The decision isn't framed as punishment.
That's the part that almost makes it worse.
My parents sit us down at the kitchen table, voices calm, careful.
Words like "fresh start" and "new environment" get passed around like bandages over something infected. They don't say fights. They don't say discipline reports. They definitely don't say expulsion.
But I know.
Too many bruises explained away as accidents. Too many meetings that end with adults thanking me for my honesty while quietly asking me to "walk away next time."
I didn't start the fights.
I just ended them.
Still, I nod. Emma nods too, though she looks at me first, like she wants to check if this is safe. I give her a small smile. She mirrors it, imperfectly.
That's enough.
The new school smells different.
Cleaner. New paint layered over something older. The halls are wider, the lockers less dented. Everything feels… curated. Like the building wants to present itself as calm and orderly, even if that's a lie.

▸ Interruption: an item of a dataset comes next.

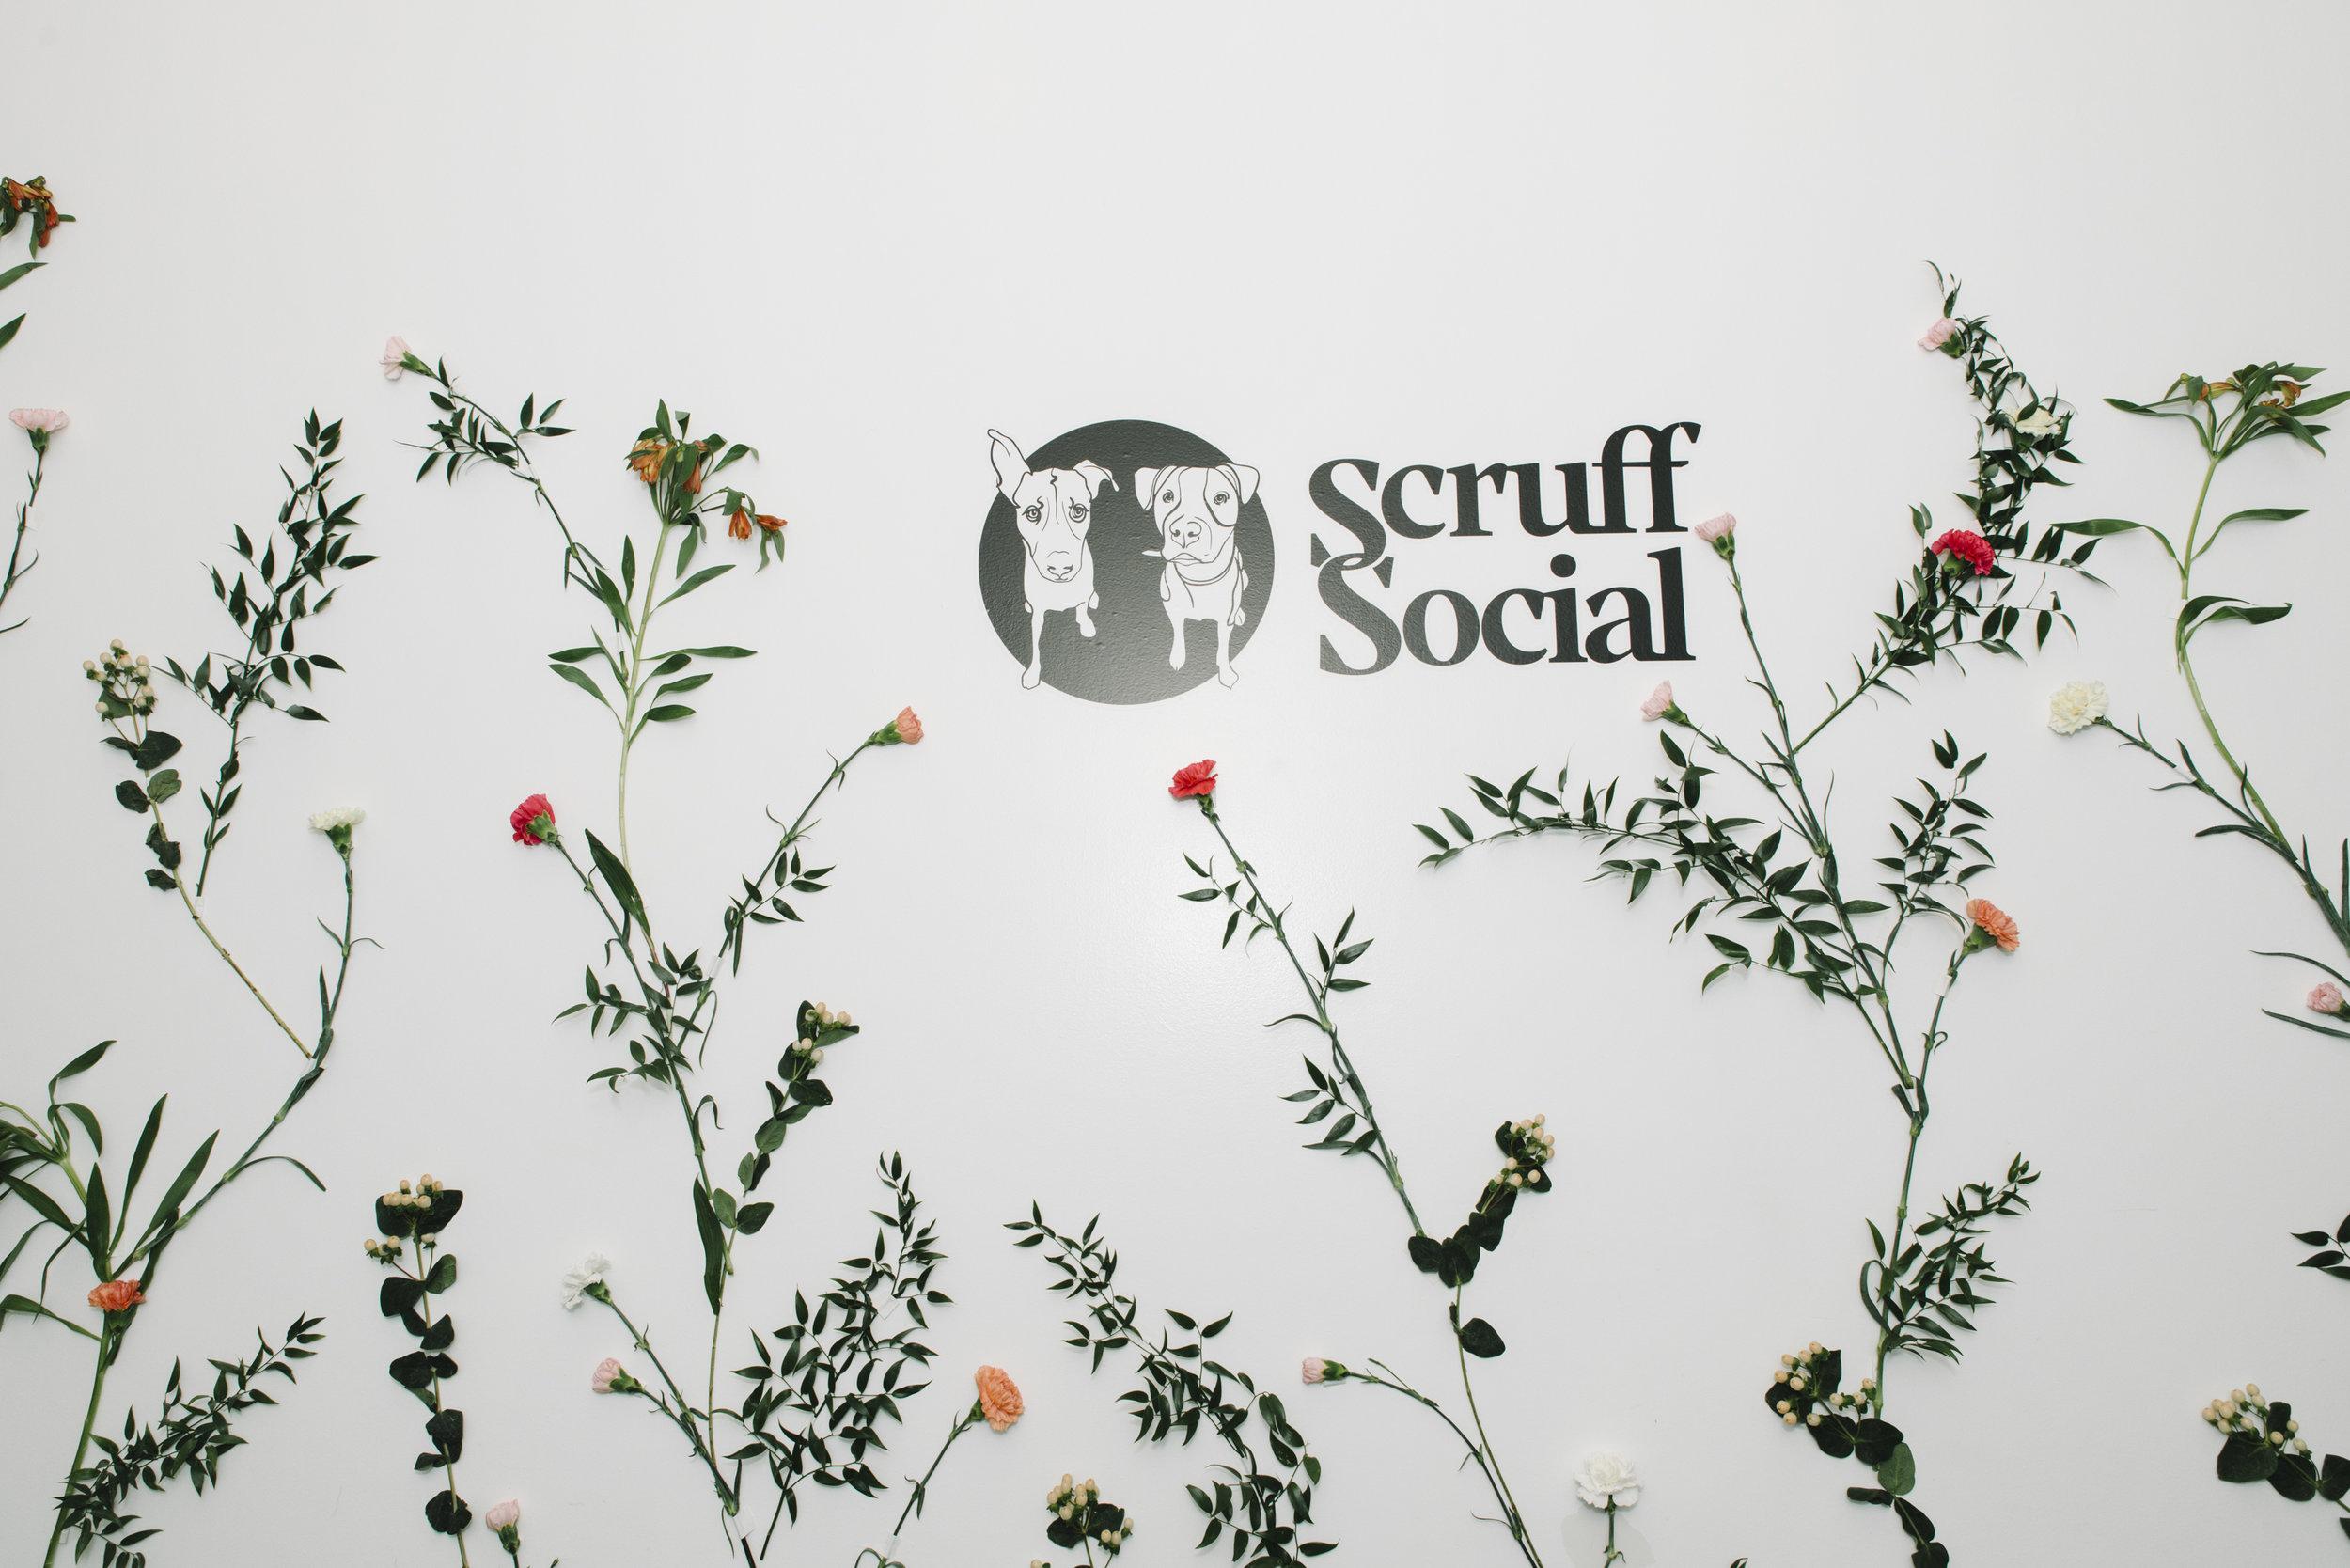 StefEthan-SaveOurScruff-ScruffSocal-SOS-DogRescue-District28Events-D28-TorontoEventPhotographer-Event-SOSDogRescue-11.JPG

We're separated almost immediately.
"Emma Meyer ?" a woman with a clipboard calls. "You'll be with Class B."
Emma's fingers tighten around the strap of her backpack. She looks at me again.
I squeeze her hand once. "You'll be fine."

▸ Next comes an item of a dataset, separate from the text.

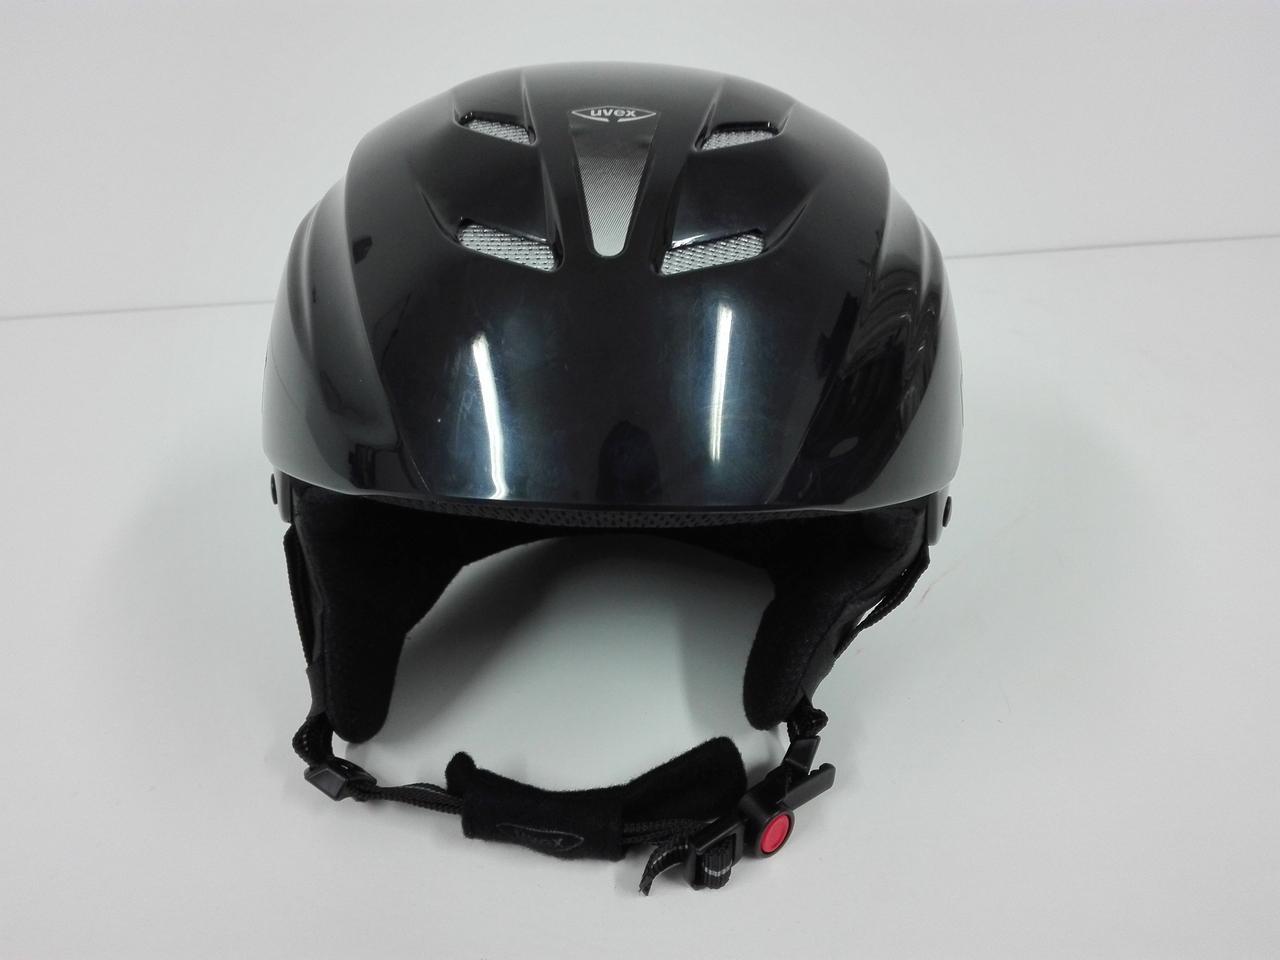 Шлемы горнолыжный UVEX skid размер - XXL

She hesitates. "You promise ?"
I don't make promises lightly.
But this one I can give.
"I'll be right here."
She nods and follows the woman, shoulders squared like she's trying to be braver than she feels.
I watch until she turns the corner.
Then I let myself breathe.
My classroom is quiet when I walk in.
Not silent—just… attentive. The kind of room where people are already measuring each other. I take a seat near the window without asking permission. No one stops me.
The lesson is easy. Too easy.
Numbers fall into place before the teacher finishes writing them. Words connect themselves without effort. I don't raise my hand. I don't show off. Being invisible is safer.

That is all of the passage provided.